Это был уже вызов профессиональной их гордости и достоинству — называй, как угодно, поэтому они во что бы то ни стало стремились новые покушения предотвратить, и оттого наша жизнь: моя, Тани и детей — была еще сложной в том плане, что нас очень плотно тогда охраняли. Я отмахивался: «Мне-то не надо.», а они настаивали: «Черт с тобой, но пусть видят, что с нами тут шутки плохи. Мы не тебя, в конце концов, охраняем, а нашу британскую гордость — это на первом месте!».
Георгия Маркова я считаю своим братом, который меня собой заслонил (если бы я был первый на очереди, тогда — все!). Мне — я предельно, как видишь, с тобой откровенен — чувство страха знакомо (если бык на меня бежит, страшно!), но тогда его не было — вот как это объяснить? И еще: с тех пор как написал «Ледокол», езжу уже куда угодно. Могу даже с тобой встретиться.
— …без охраны…
— Уверен?

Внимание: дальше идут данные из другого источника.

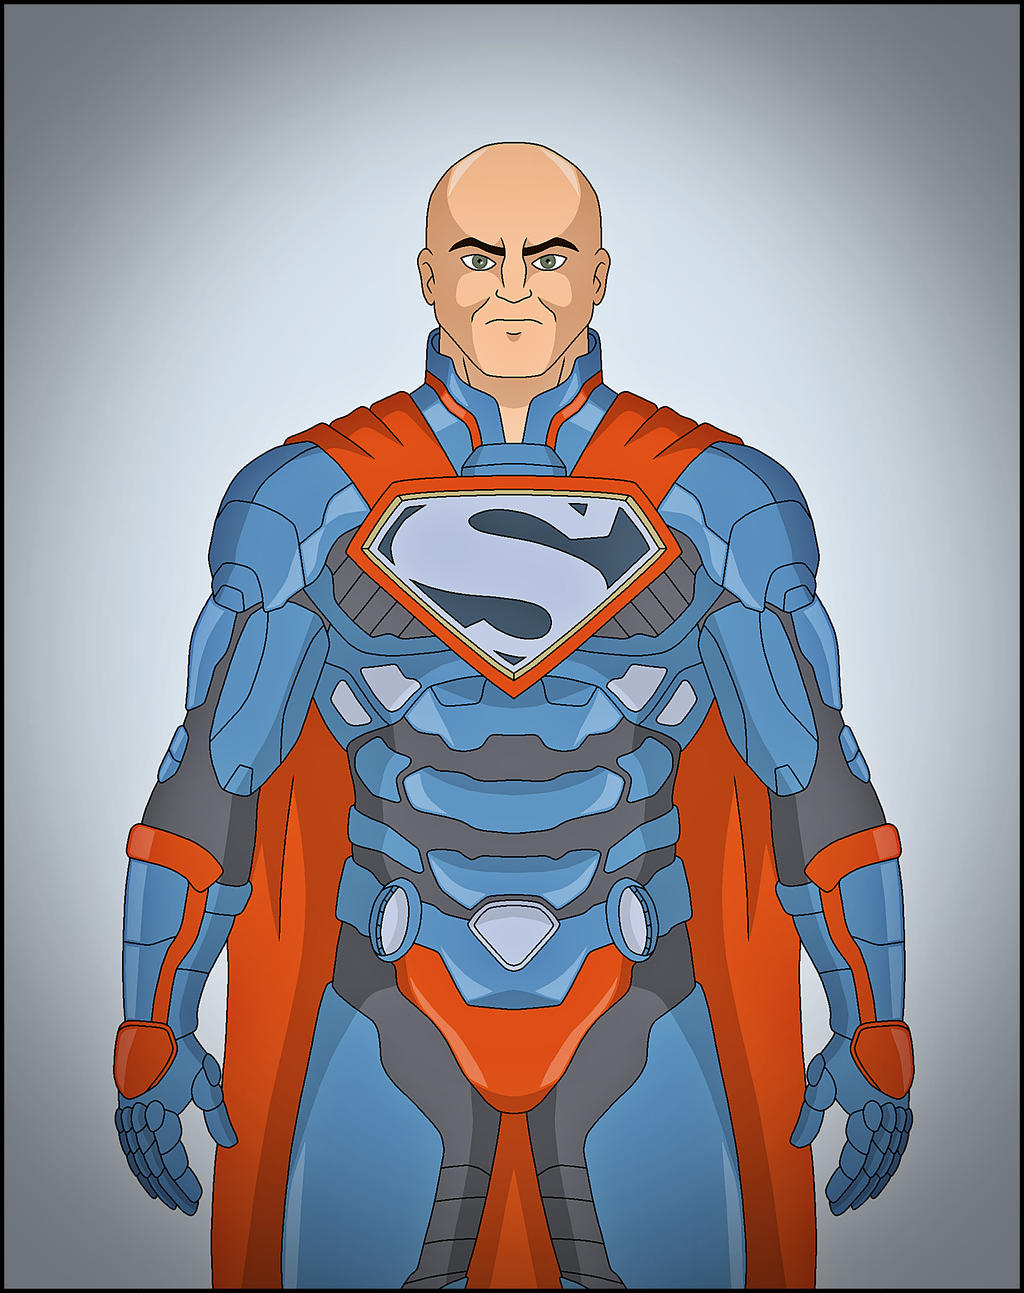 Infinite Answers [Damian] Lex_luthor___superman_by_dragand_dat0zm4-fullview.jpg?token=eyJ0eXAiOiJKV1QiLCJhbGciOiJIUzI1NiJ9.eyJzdWIiOiJ1cm46YXBwOjdlMGQxODg5ODIyNjQzNzNhNWYwZDQxNWVhMGQyNmUwIiwiaXNzIjoidXJuOmFwcDo3ZTBkMTg4OTgyMjY0MzczYTVmMGQ0MTVlYTBkMjZlMCIsIm9iaiI6W1t7ImhlaWdodCI6Ijw9MTI5MyIsInBhdGgiOiJcL2ZcLzQ0NzUzMzgwLWE0NDQtNGM3Yy05MmY4LWM4OWE0NGY2YTZkMFwvZGF0MHptNC01ZmVkMmM3MC1jNGMzLTRmODMtODU2YS1mMTUzYmEzM2FkMGEuanBnIiwid2lkdGgiOiI8PTEwMjQifV1dLCJhdWQiOlsidXJuOnNlcnZpY2U6aW1hZ2Uub3BlcmF0aW9ucyJdfQ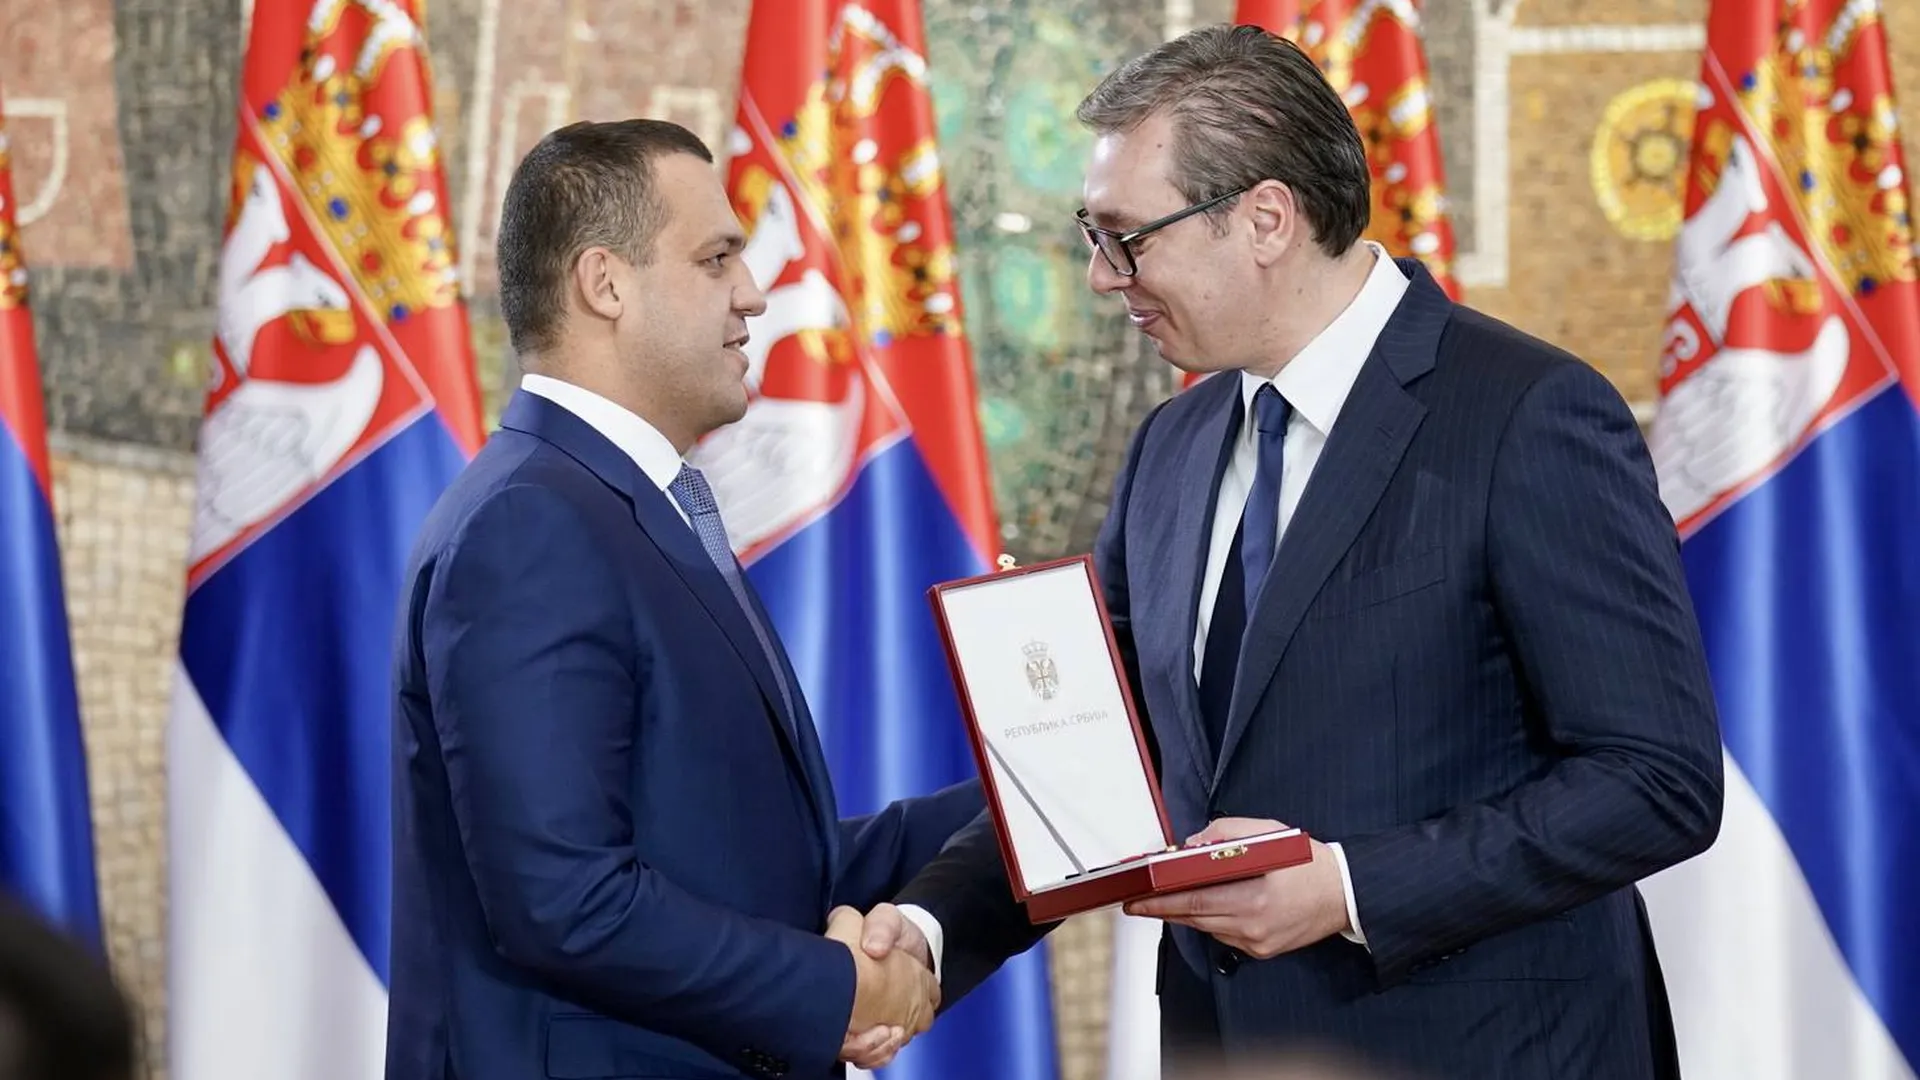 Президент IBA Умар Кремлев получил от президента Сербии орден за развитие бокса

Не торопись: тут два батальона сзади стоят. (Оглядывается.)
— Что-то не вижу…
— Они просто шапки-невидимки надели. (Смеется.) После выхода «Ледокола» я не прячусь: «Ребята, если нужен, — пожалуйста! — но это будет доказательством того, что я прав. Мочите меня в каком-нибудь сортире, но тем самым признаете, что других аргументов у вас нет».
В Москве, Дима, все-таки не последние идиоты сидят — они понимают, какой поднимется шум. «Ледокольчик» известен? Да! Он прозвучал? Не то слово! Ты-то еще молодой, не помнишь, а я как раз в академии с Таней учился, когда начали Солженицына прессовать: дескать, выгнать его за «ГУЛАГ» из Союза!
— Семьдесят первый, наверное, год?
— Точно, и вроде все тихо, но я в метро взглядом своим разведывательным секу: люди со старыми затрепанными журнальчиками «Новый мир», где Солжа печатали, едут себе и читают.
— Бессовестные какие!
— Короче, это реклама. Я понимаю: любая акция против меня для них контрпродуктивна, и, надеюсь, мозги у бывших коллег работают — им невыгодно меня устранять. Тот же Саша Литвиненко издал книгу «ФСБ взрывает Россию»: никто на нее внимания не обращал, но когда с ним расправились, заговорили о ней все.
«Человек может быть свободным только тогда, когда собственные деньги имеет, и когда говорят, что деньги не радуют. Значит, они не твои»
— Цитирую Виктора Суворова. «Получив смертный приговор, я вдруг ясно осознал, что человеку отпущено совсем немного времени. Каждый прожитый день расцениваю как подарок судьбы, как сказочный лотерейный выигрыш — за этот день надо успеть сделать самое главное в жизни, ибо завтрашнего может не быть. Вот я и пишу книжки: этим занят утром, днем, вечером и ночью». Читателям нашим напомню, что ты — автор бестселлеров «Ледокол» и «Аквариум», многочисленных книг по истории Великой Отечественной войны и в мире известен прежде всего этим. Настоящая твоя фамилия Резун — почему же ты стал Суворовым?